Introduction
Endoscopic resection is the first line of treatment for benign colorectal lesions, even if they are complex [1 ]
[2 ]
[3 ]. Previous manipulations, location at the appendiceal orifice or ileocecal valve, and poor access are associated with incomplete resection or recurrence after endoscopic mucosal resection (EMR) [3 ]
[4 ]
[5 ]
[6 ]
[7 ]
[8 ].
Underwater EMR (UEMR) has emerged as a technique [9 ] that, by avoiding submucosal injection, might be helpful in situations where excessive submucosal injection could make EMR difficult (e. g. nonlifting, narrow spaces) [10 ]
[11 ]
[12 ]. Endoscopic ultrasound has revealed that mucosa and submucosa “float” and separate from the muscle layer underwater [13 ].
Cap suction pseudopolyp formation during UEMR (CAP-UEMR) was reported as a successful technique for a flat colonic lesion that could not be removed with UEMR due to snare capture failure [14 ]. Based on this experience, we hypothesized that CAP-UEMR would lead to more successful resection in flat fibrotic lesions or those located at the appendiceal orifice or ileocecal valve.
Methods
Patients
This was a retrospective observational study evaluating the efficacy and safety of CAP-UEMR for the treatment of complex nonpedunculated colorectal lesions.

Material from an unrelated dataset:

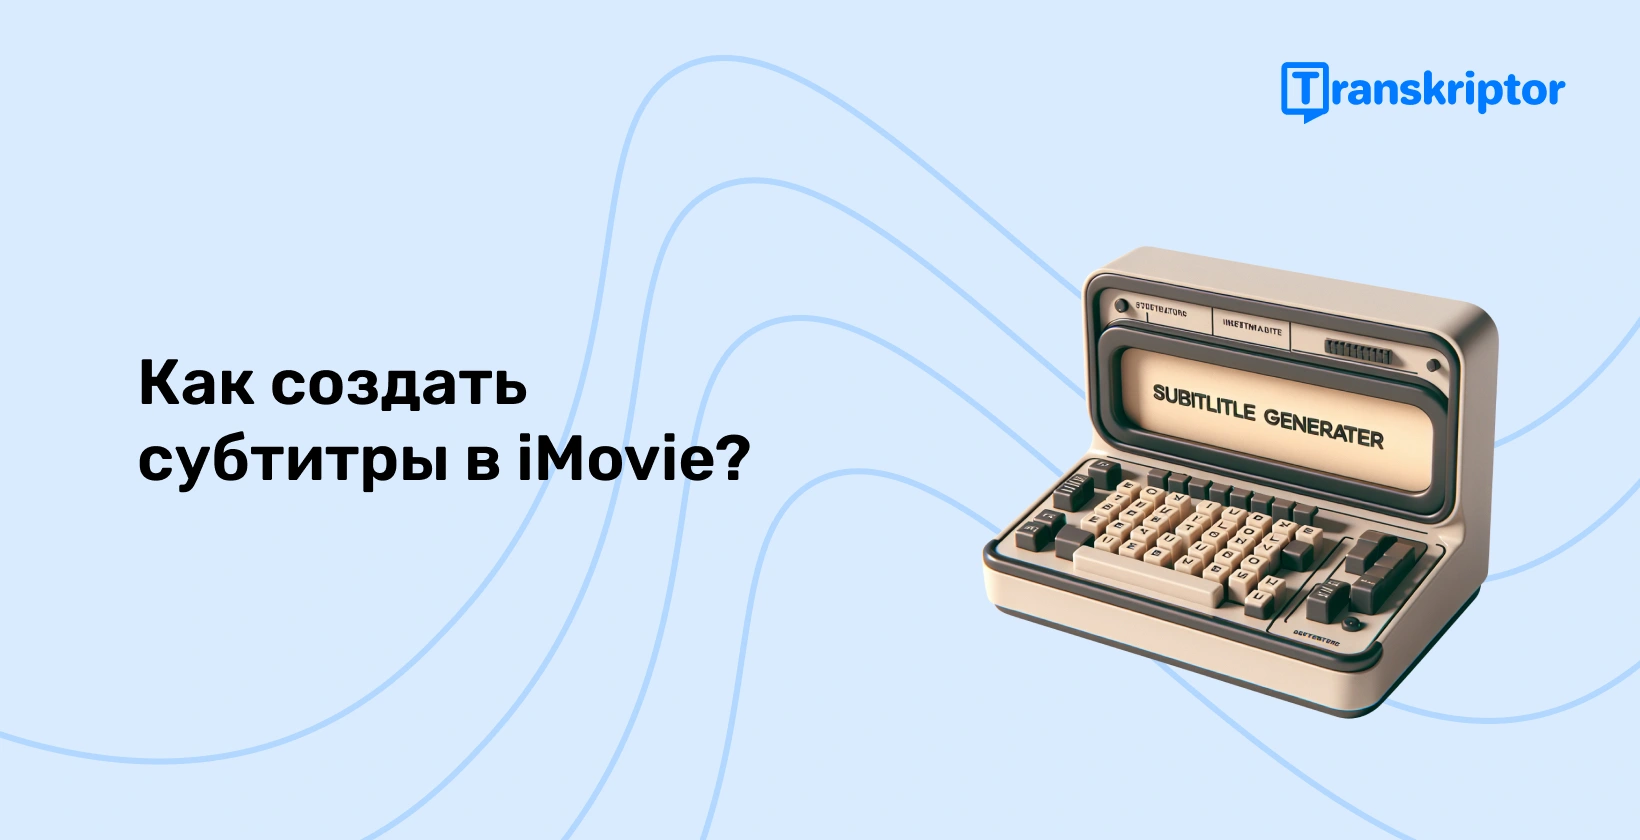 Винтажная пишущая машинка с генератором субтитров, символизирующая процесс создания субтитров в iMovie, повышающая доступность видео.
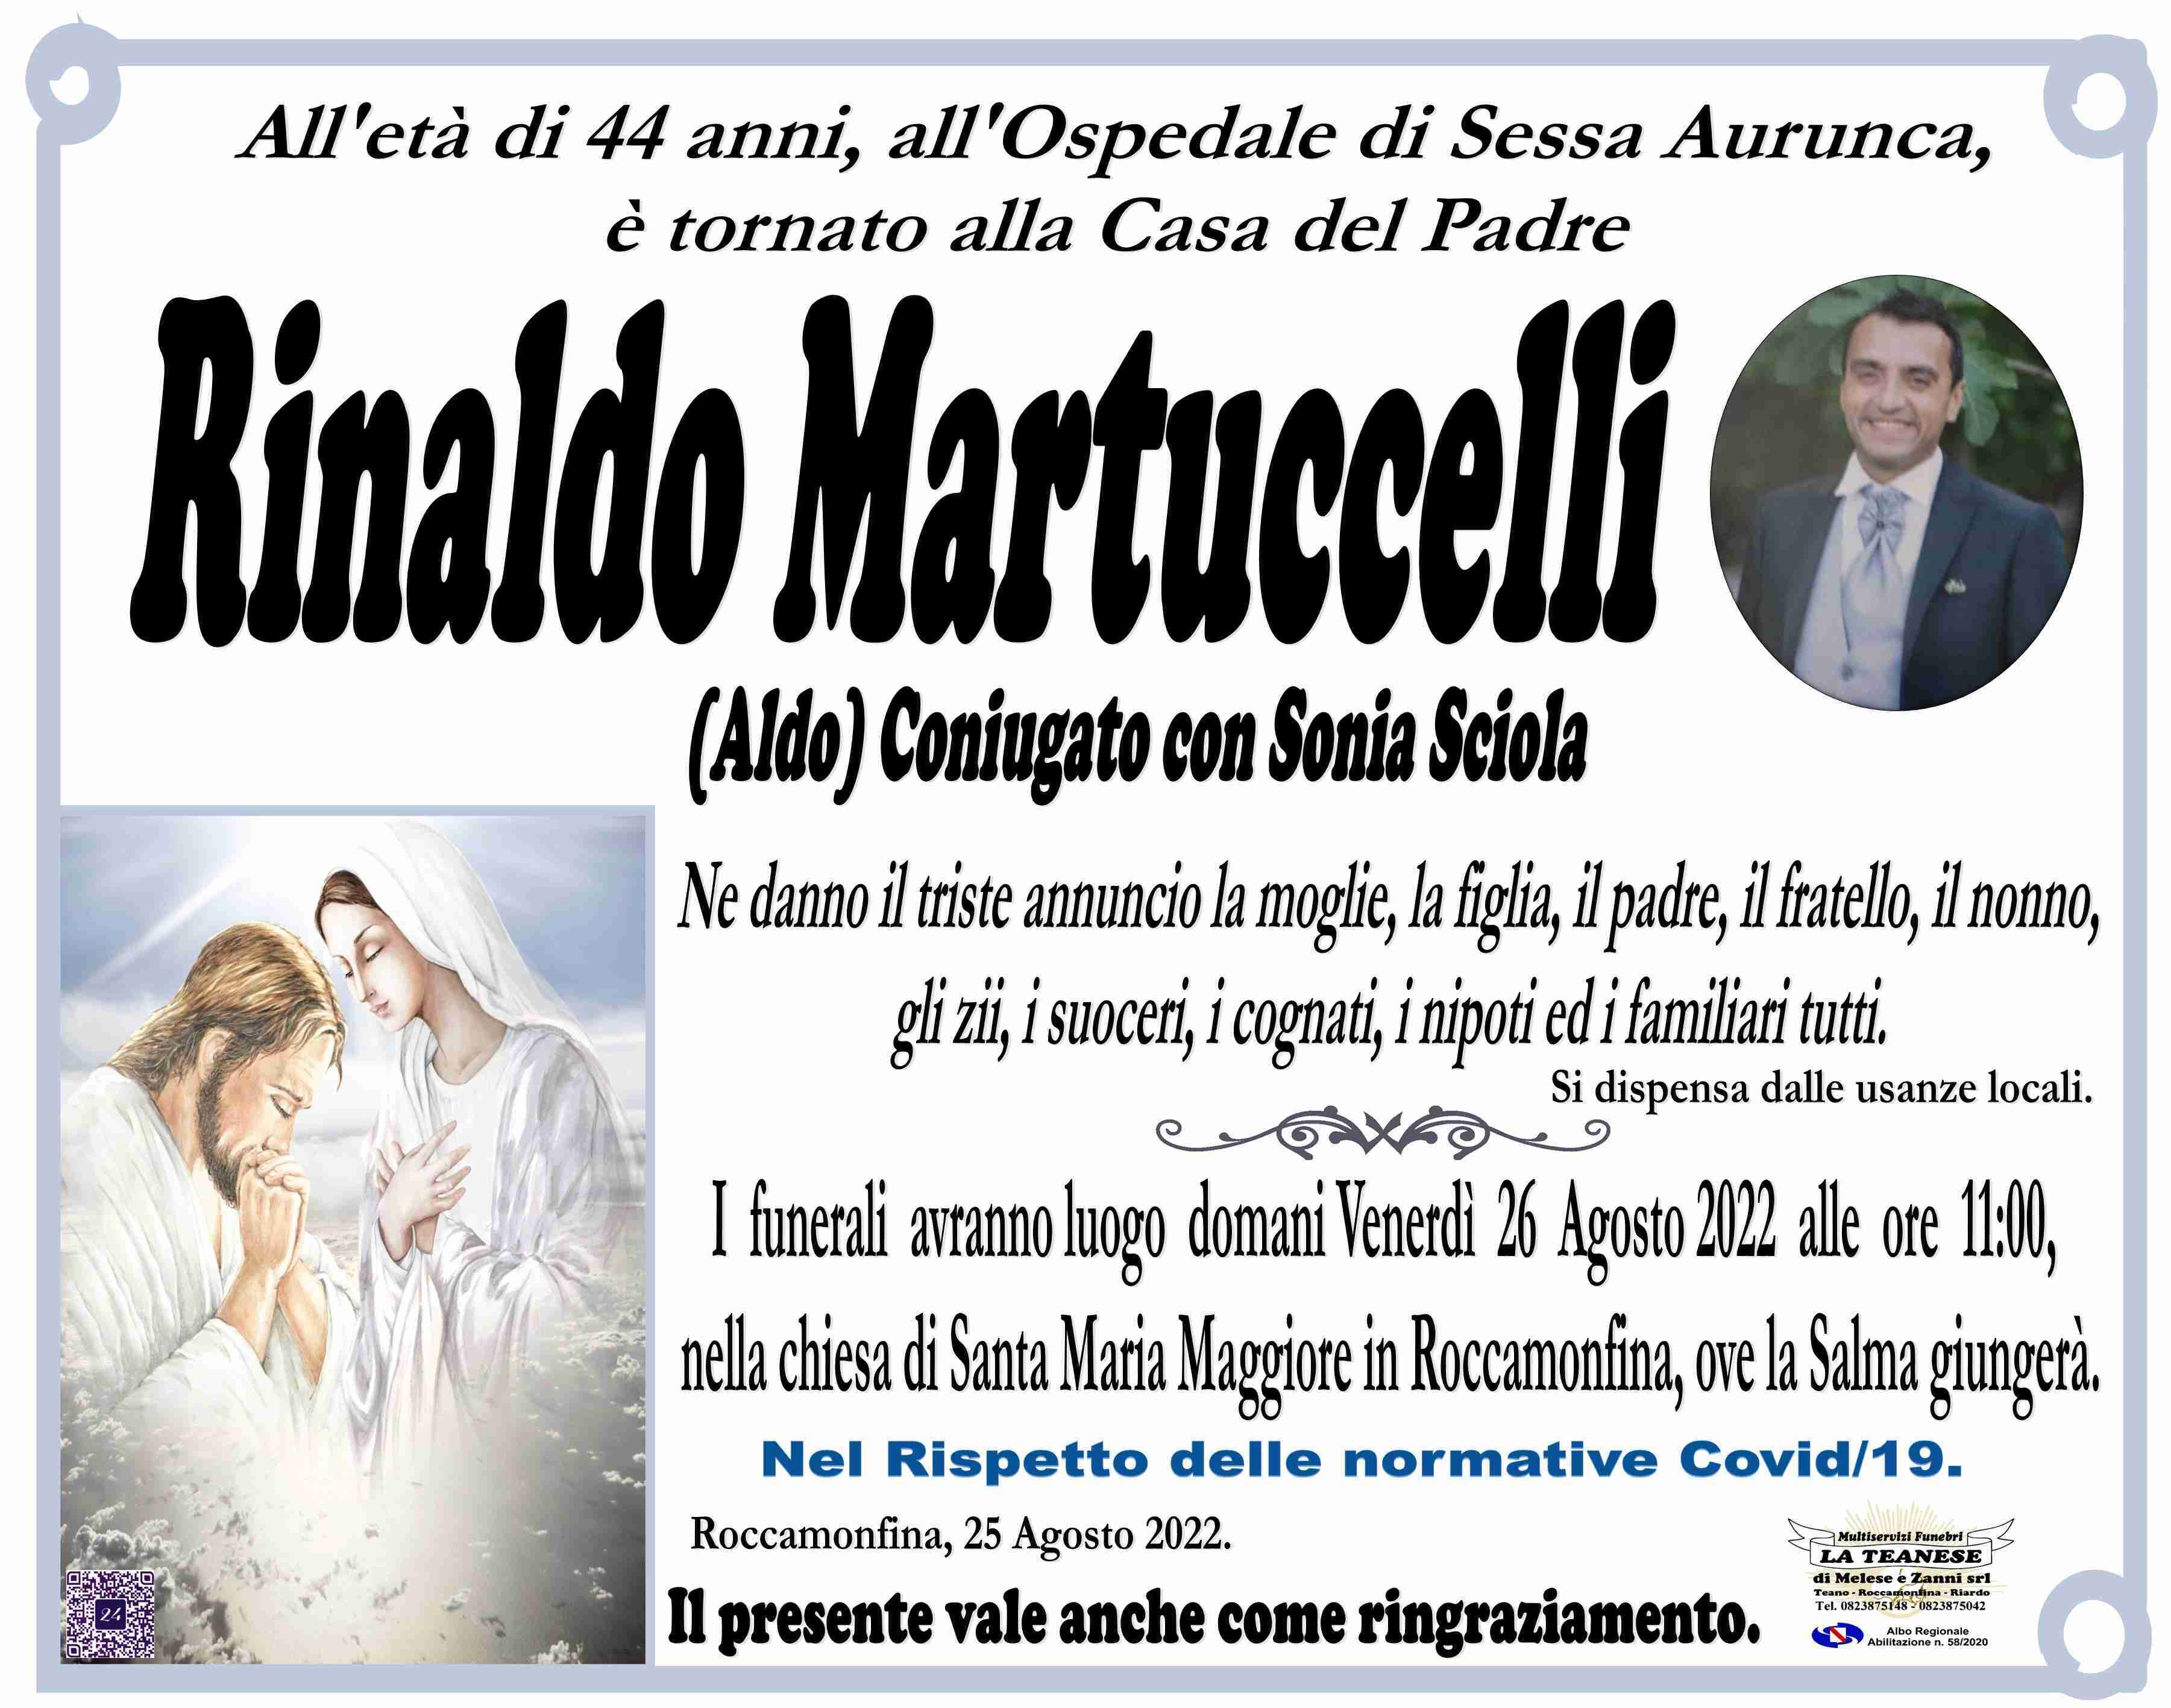 Rinaldo Martuccelli

Data were obtained from a prospectively collected database of all consecutive CAP-UEMRs performed between September 2020 and December 2021 at two centers. During the study period, CAP-UEMR was attempted for all depressed or flat colorectal lesions and lesions with involvement of the appendiceal orifice or ileocecal valve, of any size, that were referred for endoscopic resection.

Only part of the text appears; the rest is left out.